■ REQUIRED ACTION:
The data below is to be transcribed word for word; pictures are to be excluded.

DATASET SECTION Block Start

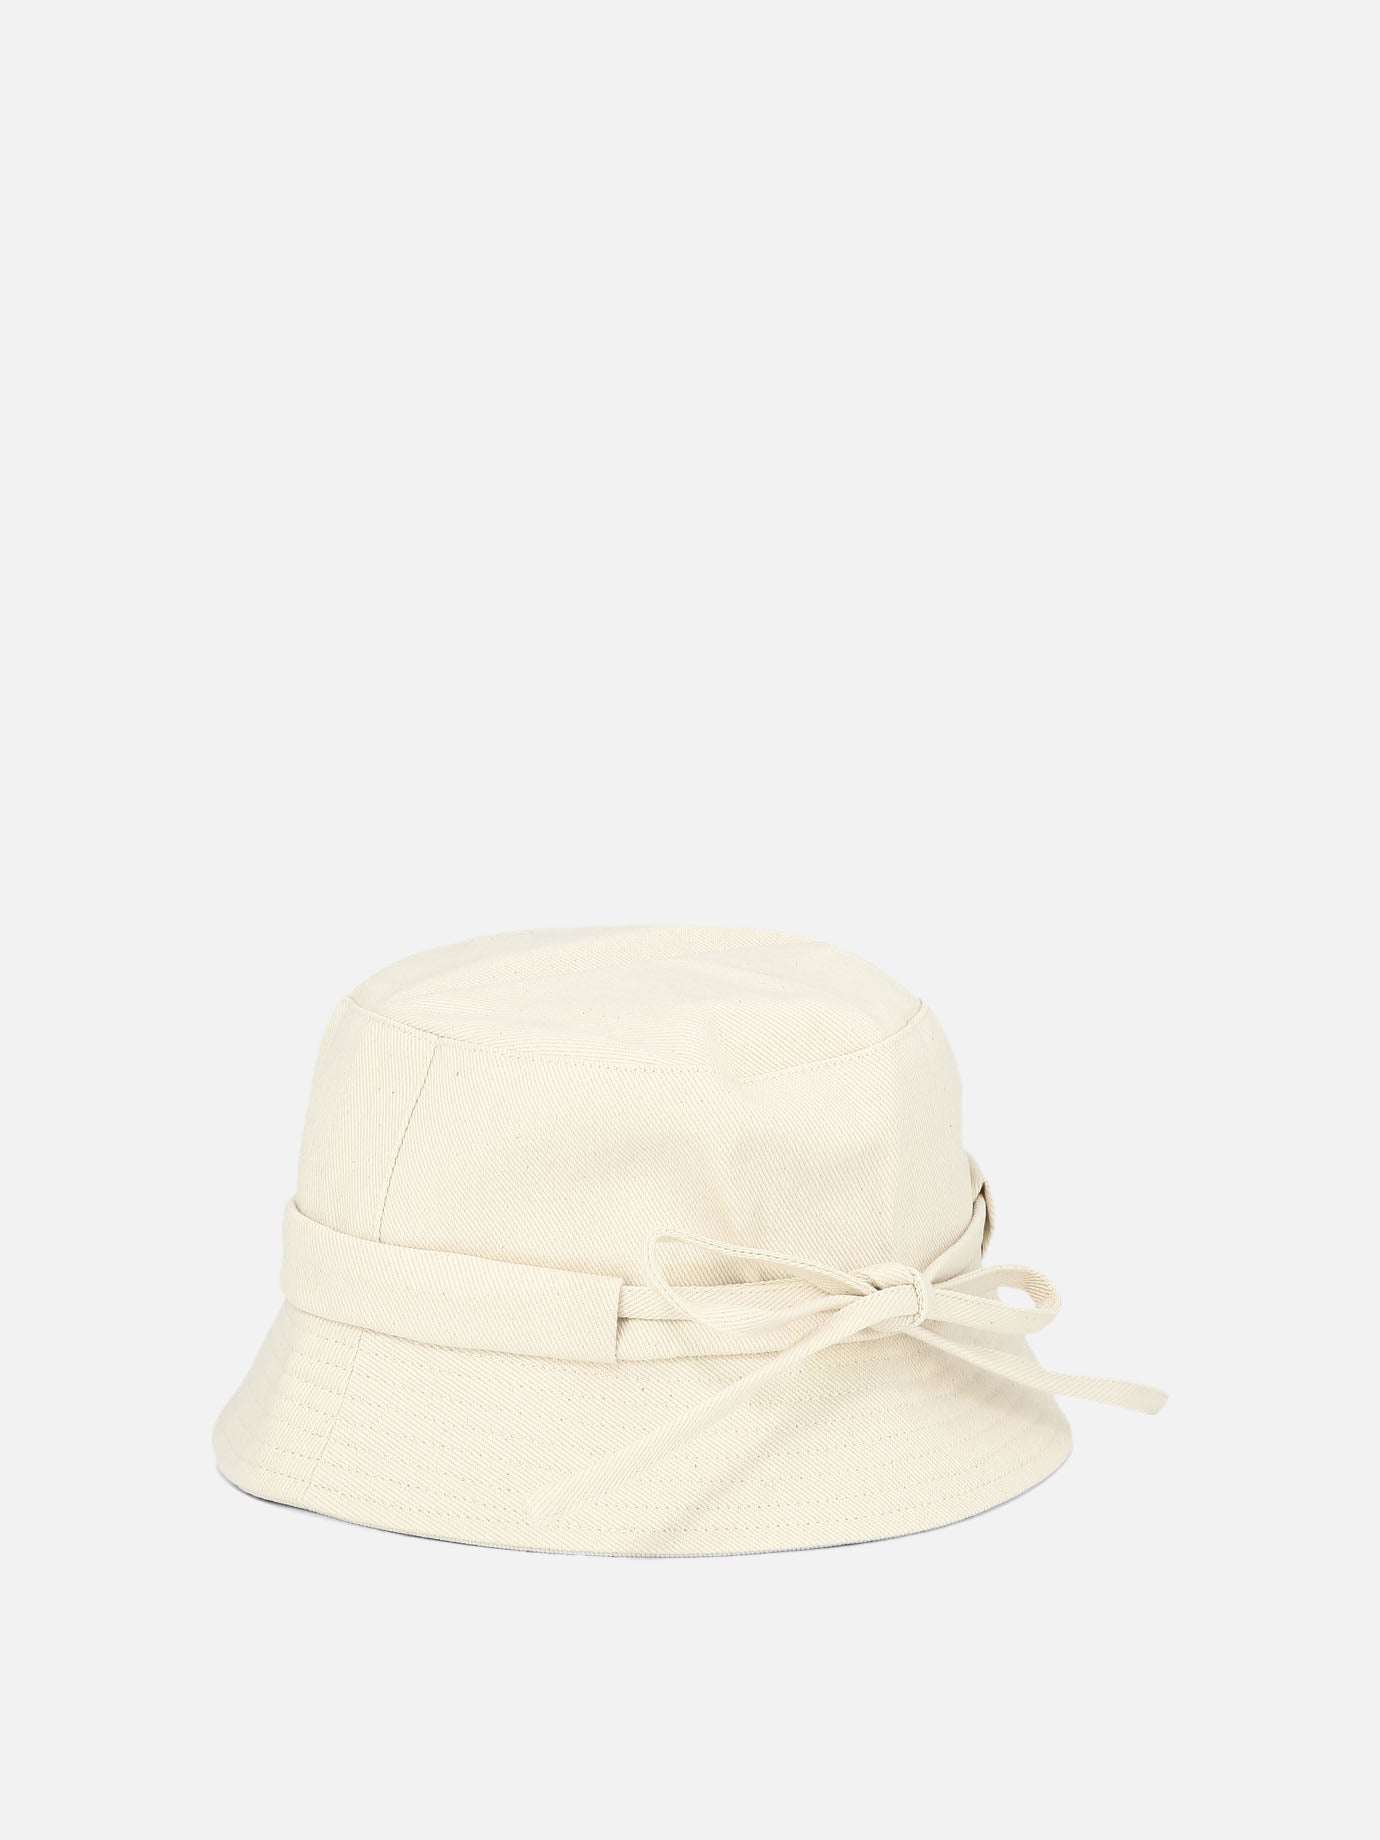 "Le bob Gadjo" hat
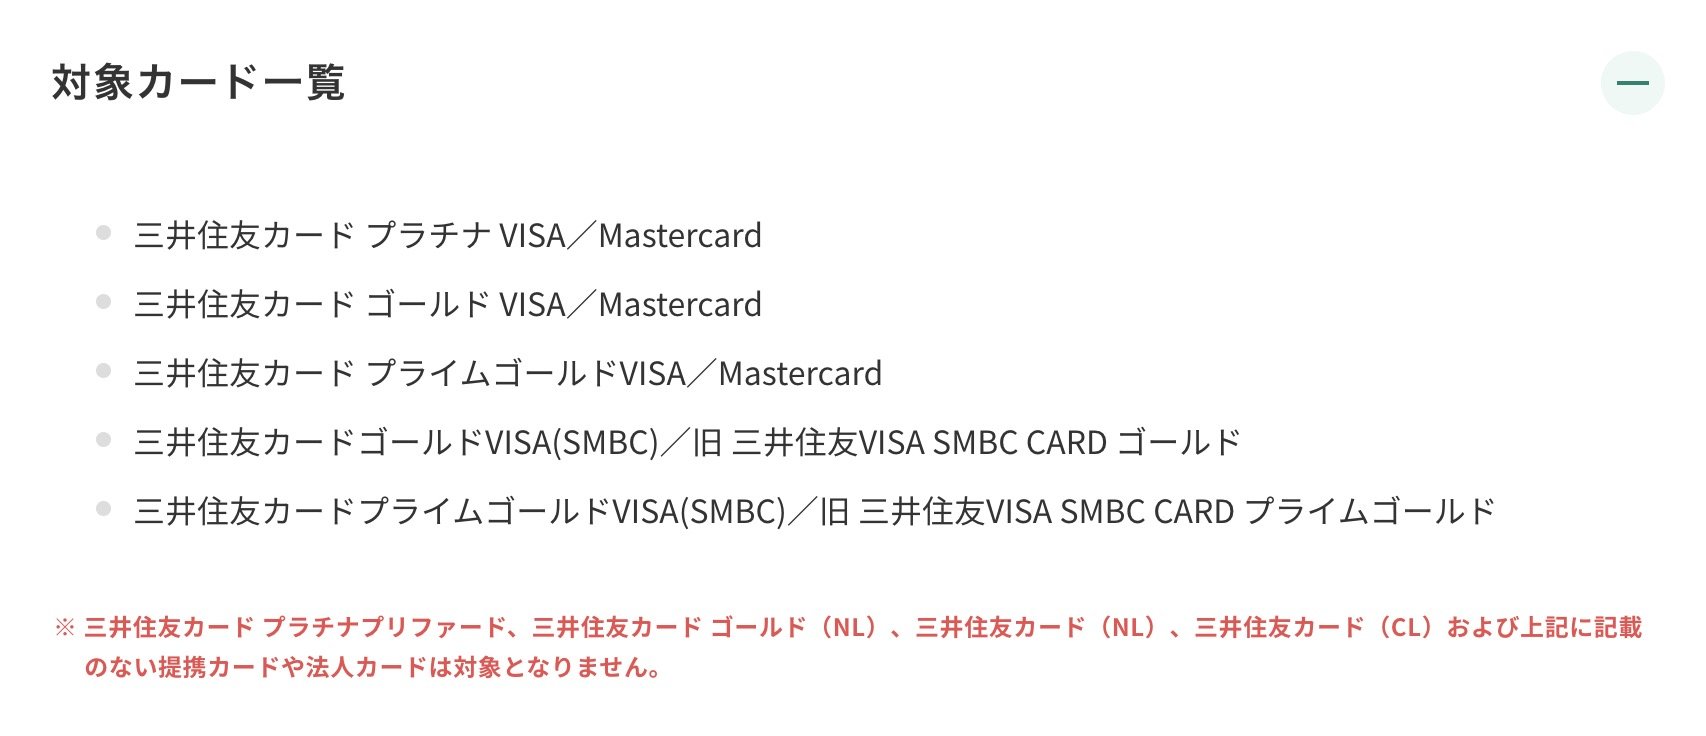 三井住友カード、50万円ごとに2500ポイントを付与する年間利用ボーナス開始
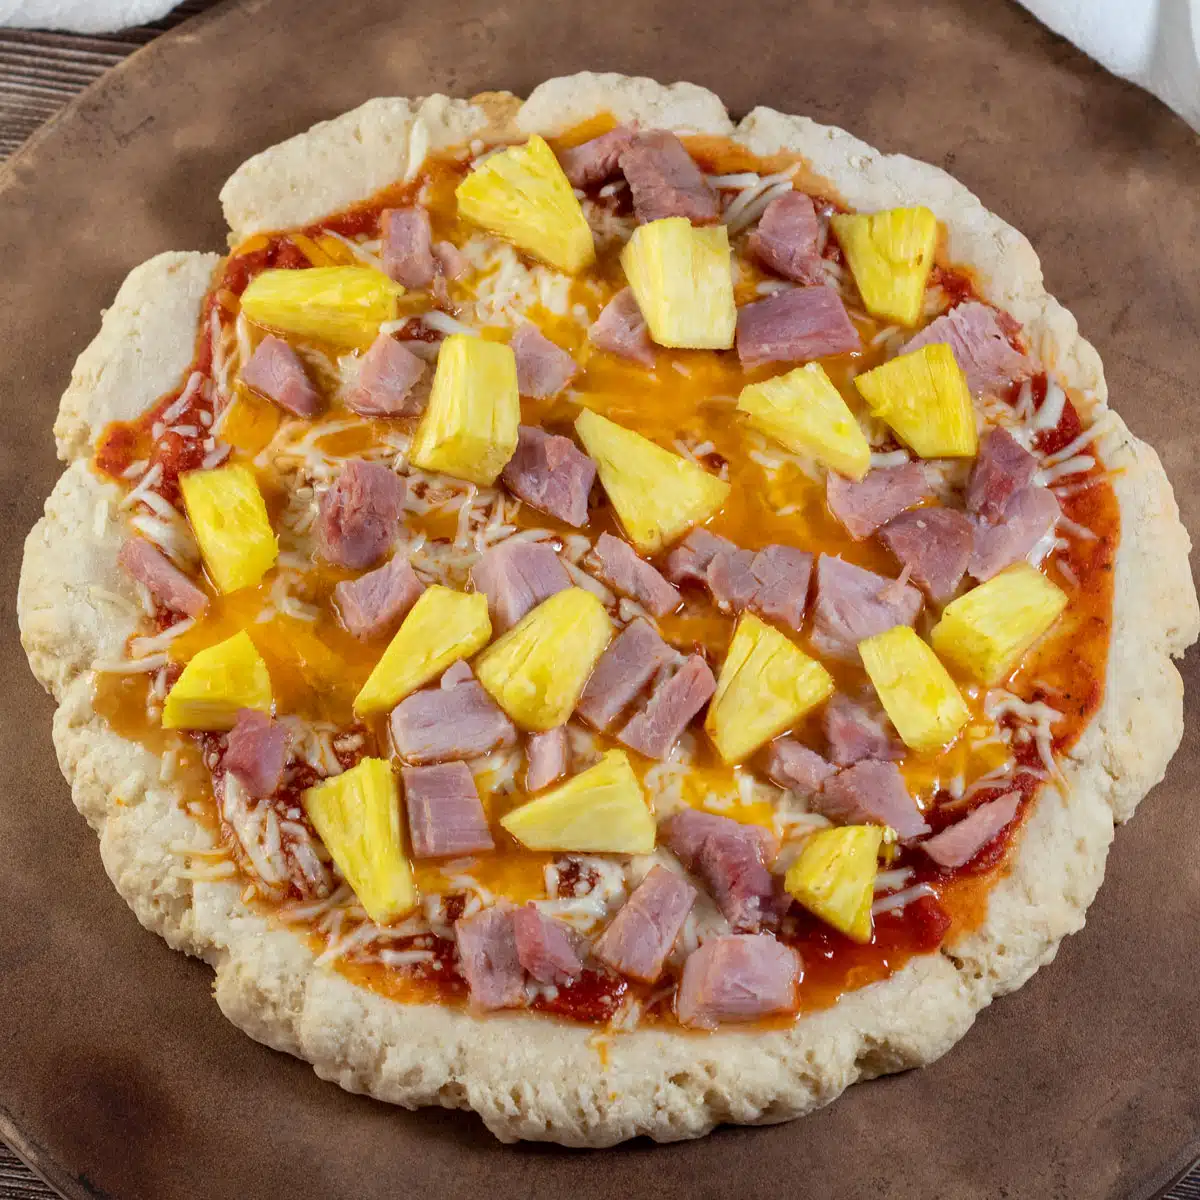 Fyrkantig bild som visar en pizza i hawaiiansk stil gjord på en pizzadegskorpa med 2 ingredienser.

DATASET SECTION Block End

■ REPLY:
 "Le bob Gadjo" hat
 三井住友カード、50万円ごとに2500ポイントを付与する年間利用ボーナス開始
 Fyrkantig bild som visar en pizza i hawaiiansk stil gjord på en pizzadegskorpa med 2 ingredienser.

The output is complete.